The dynamic activation design of EA-GRPO is critical—imposing edit penalties too early significantly degrades correctness.
The min-max sampling in Self-Breaking ensures training bug diversity, outperforming random sampling.
Models learn implicit fault localization capabilities—precise repair compels models to focus on the buggy lines.
When combined with speculative editing, reduced edit cost directly translates into inference speedup, providing substantial practical value.

Highlights & Insights¶

The identification and quantification of the over-editing problem is a significant contribution—it reveals a systematic deficiency of RL training that optimizes only for correctness.
The "correctness first, then precision" strategy of EA-GRPO is elegant, avoiding hard conflicts between correctness and precision objectives.
The natural synergy with speculative decoding—precise repair reduces edits → more n-gram matches → higher inference throughput—converts training improvements into inference acceleration.
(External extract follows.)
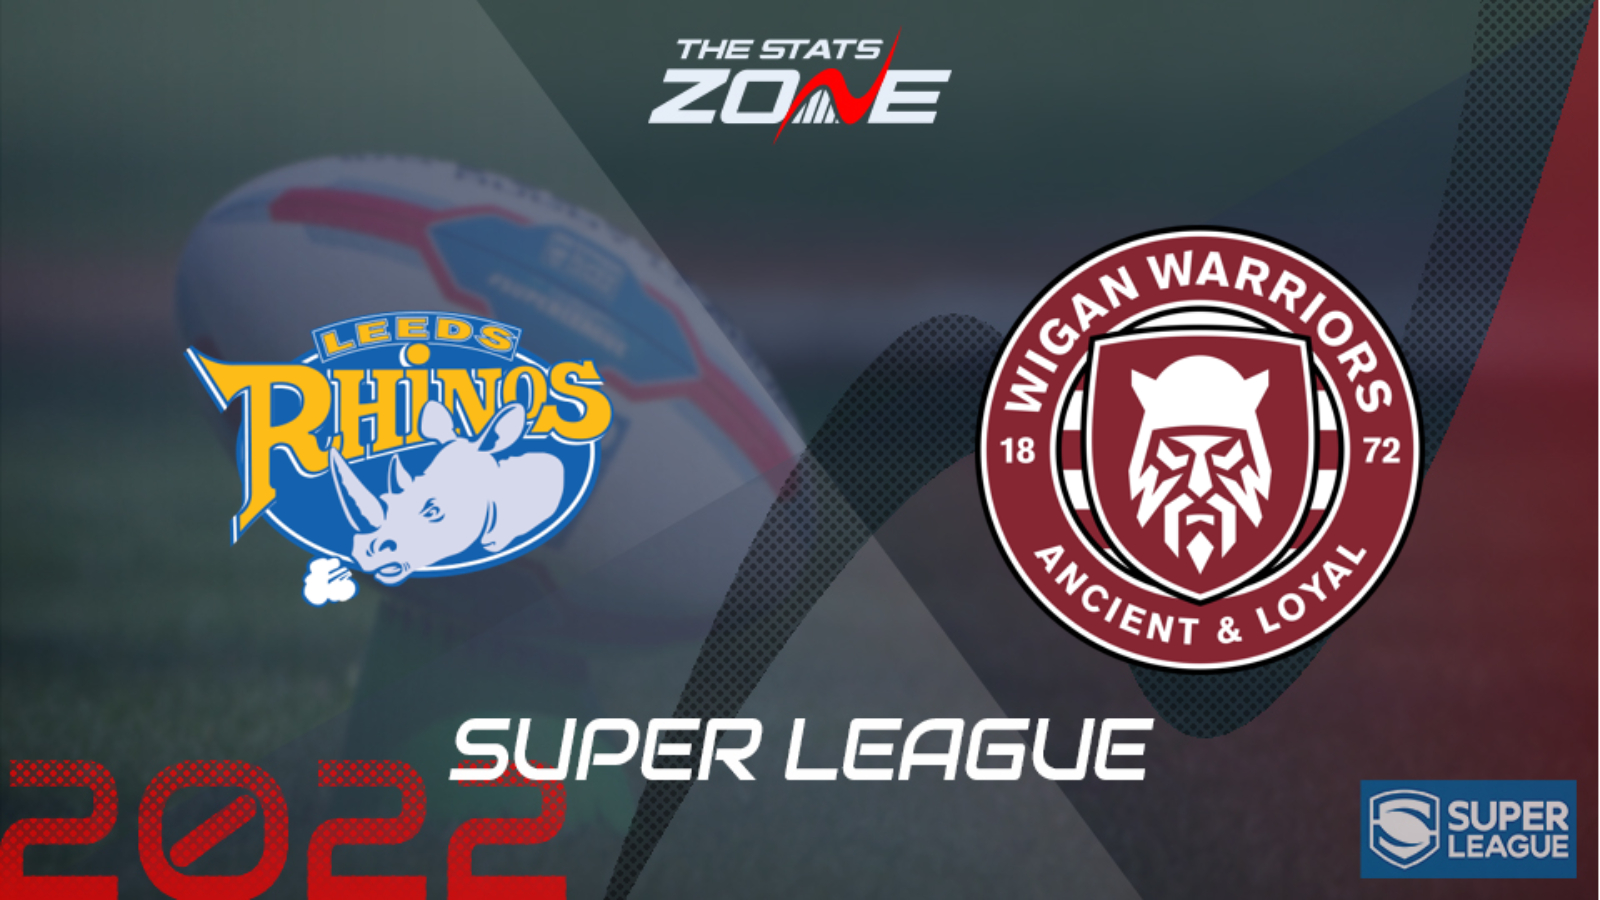 Leeds Rhinos vs Wigan Warriors Preview and Prediction Super League 2022
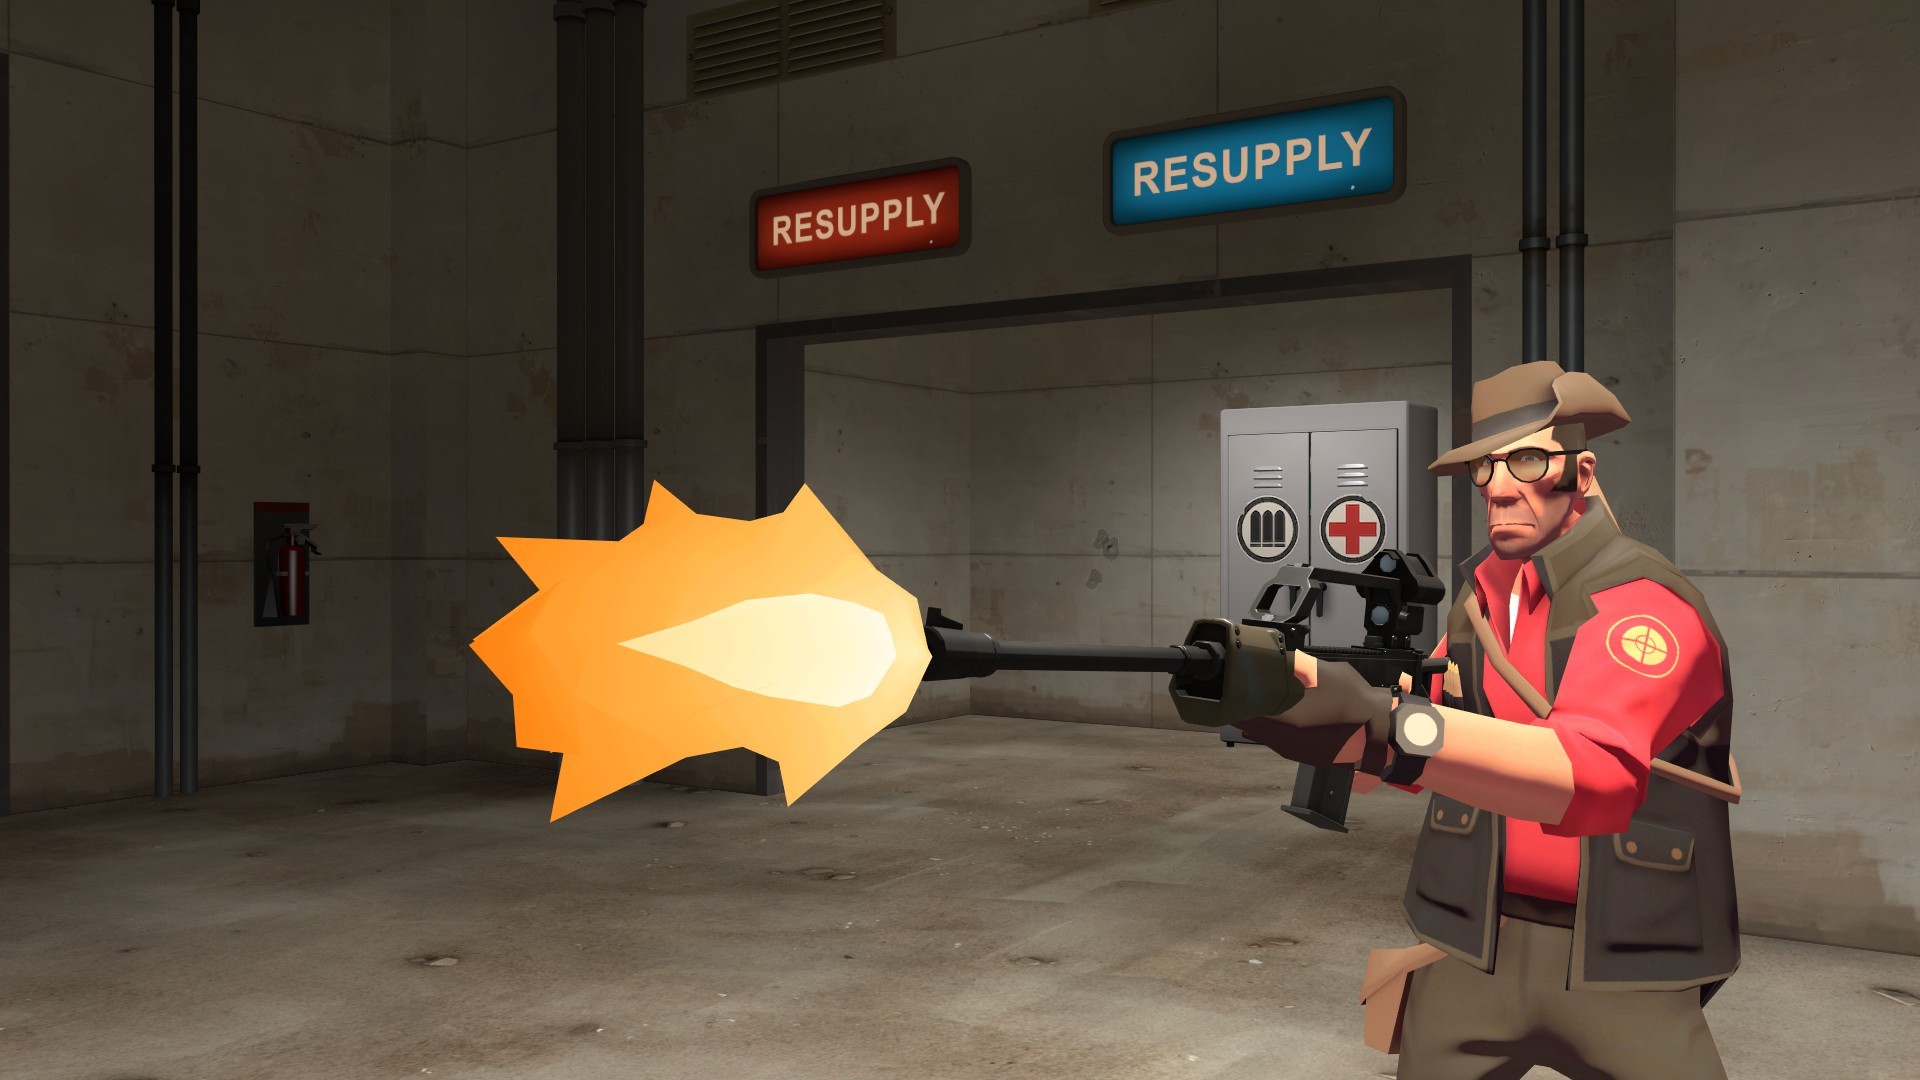 Team Fortress 2 Flash Game

Limitations & Future Work¶

Evaluation is limited to Python and Verilog; broader programming languages are not covered.
The choice of threshold \(p\) in \(\text{fix}_p@k\) substantially affects evaluation outcomes.
Self-Breaking relies on the model's own bug injection capability, which may not cover all real-world bug types.
Edit cost is based on line-level Levenshtein distance, which may fail to capture semantic-level edit minimality.

vs. Standard GRPO (Shao et al., 2024): The latter optimizes only for correctness, leading to over-editing; EA-GRPO addresses this via dynamic edit penalization.
vs. HumanEvalFix (Muennighoff et al., 2023): The latter evaluates solely with pass@k; the proposed \(\text{fix}_p@k\) provides a more comprehensive assessment.

Rating¶

Novelty: ⭐⭐⭐⭐ The identification of over-editing and the design of EA-GRPO are novel and practically motivated.
Experimental Thoroughness: ⭐⭐⭐⭐ Cross-language evaluation on Python and Verilog with speculative decoding acceleration analysis.
Writing Quality: ⭐⭐⭐⭐ Problem motivation is clear and metric design is well-justified.
Value: ⭐⭐⭐⭐⭐ Direct impact on code repair practice; the speculative decoding synergy holds significant deployment value.